Un très bon commentaire sur cette arlésienne nous vient de l’ancien auteur de chez Bioware, David Gaider qui a offert ses réflexions sur le sujet sur Twitter, et en réponse à un commentaire questionnant la couverture parfois critique de Starfield en amont de sa sortie de PC Gamer, Gaider a fait la remarque suivante : « le scepticisme naît probablement des promesses de contenu infini, mais également de son intérêt… des choses qui n’ont à ce jour jamais été vraiment compatibles. Nous verrons, je suppose ! ».
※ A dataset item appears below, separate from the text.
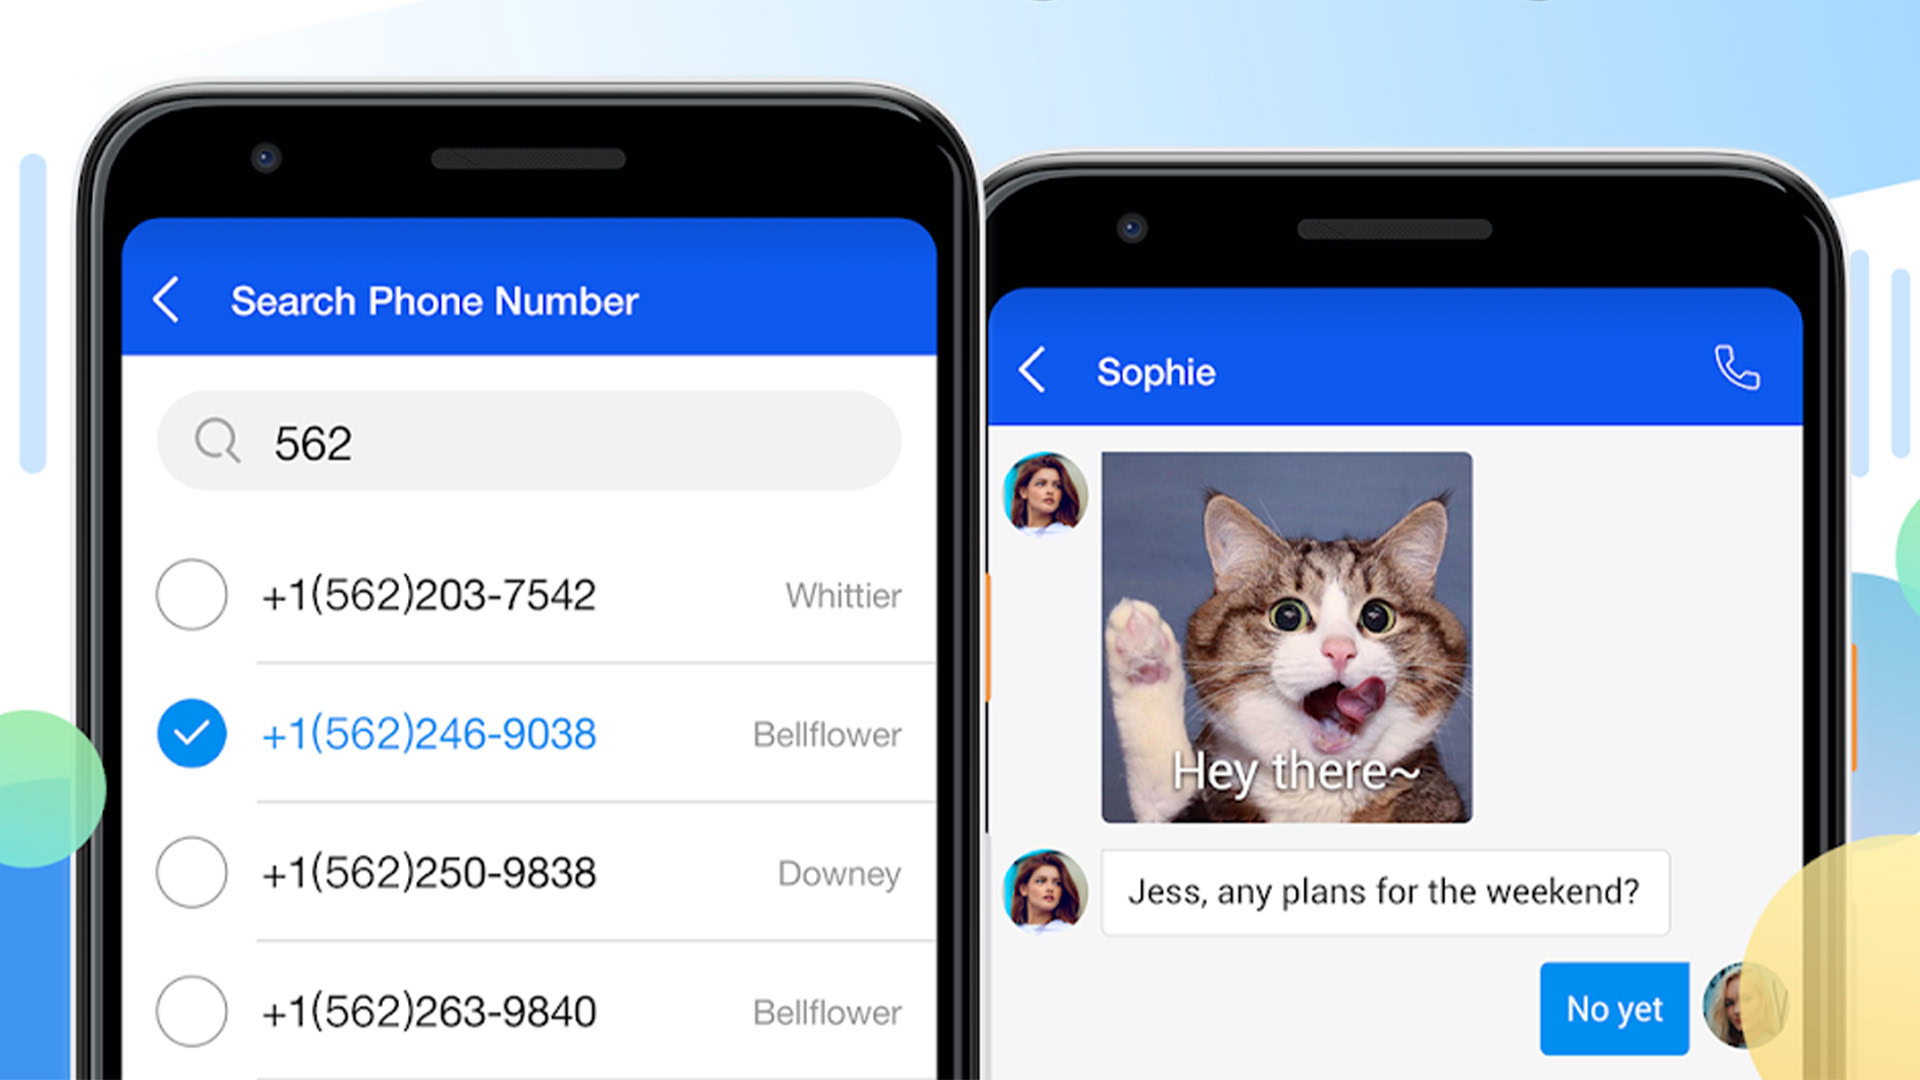 How Easy It Is to Spoof Phone Numbers

Et je suppose que c’est vrai. Les développeurs peuvent poursuivre la qualité et la quantité, mais obtenir les deux demande de faire des compromis. Nous voyons de quelles promesses Gaider parle tout le temps lorsque l’on voit des studios vendre leur jeu comme étant plus gros que jamais, mais dont le produit final laisse à désirer. Vraiment, Dying Light 2, 2500 heures pour tout voir ? Est-ce que tout ça vaut au moins la peine d’être vu ? La promesse de la longueur d’un jeu peut presque sonner comme une menace dans ce cas, une course au marketing nous condamnant à des dizaines d’heures de grimpette de tours d’observation, de nettoyage de base et de chasse au point d’interrogation sur la mini-carte. Une demande de durée de vie arbitraire peut faire beaucoup de mal à des jeux qui auraient pu, sans cette demande, apporter quelque chose de nouveau et de frais sur la table.
L’année dernière, j’ai beaucoup attendu Ghostwire Tokyo, mais il avait l’équivalent de 5 heures d’ennemis uniques et les missions s’étiraient néanmoins sur 10-20 heures de jeu. Je me souviens avoir été brièvement capturé par cette vision fantastique et surréaliste de Tokyo pour finalement me retrouver dans une boucle, à combattre inlassablement les mêmes ennemis dans des arènes identiques. Après avoir piqué un sprint pour en voir la fin après 12 heures, je n’ai plus jamais voulu y retoucher.
Un artiste nommé Jordan Mallory a un jour demandé des « jeux plus courts, avec des graphismes plus laids faits par des gens bien moins payés », et c’est un peu devenu un cri de ralliement dans certains cercles de développeurs et de critiques de jeux vidéos. Même en laissant de côté les considérations de conditions de travail de l’industrie, il y a beaucoup de jeux qui bénéficieraient de leur brièveté, de faire un compromis sur la qualité plutôt que la quantité. Mais quid de mes RPG bien-aimés, l’un des genres les plus longs et exigeants ?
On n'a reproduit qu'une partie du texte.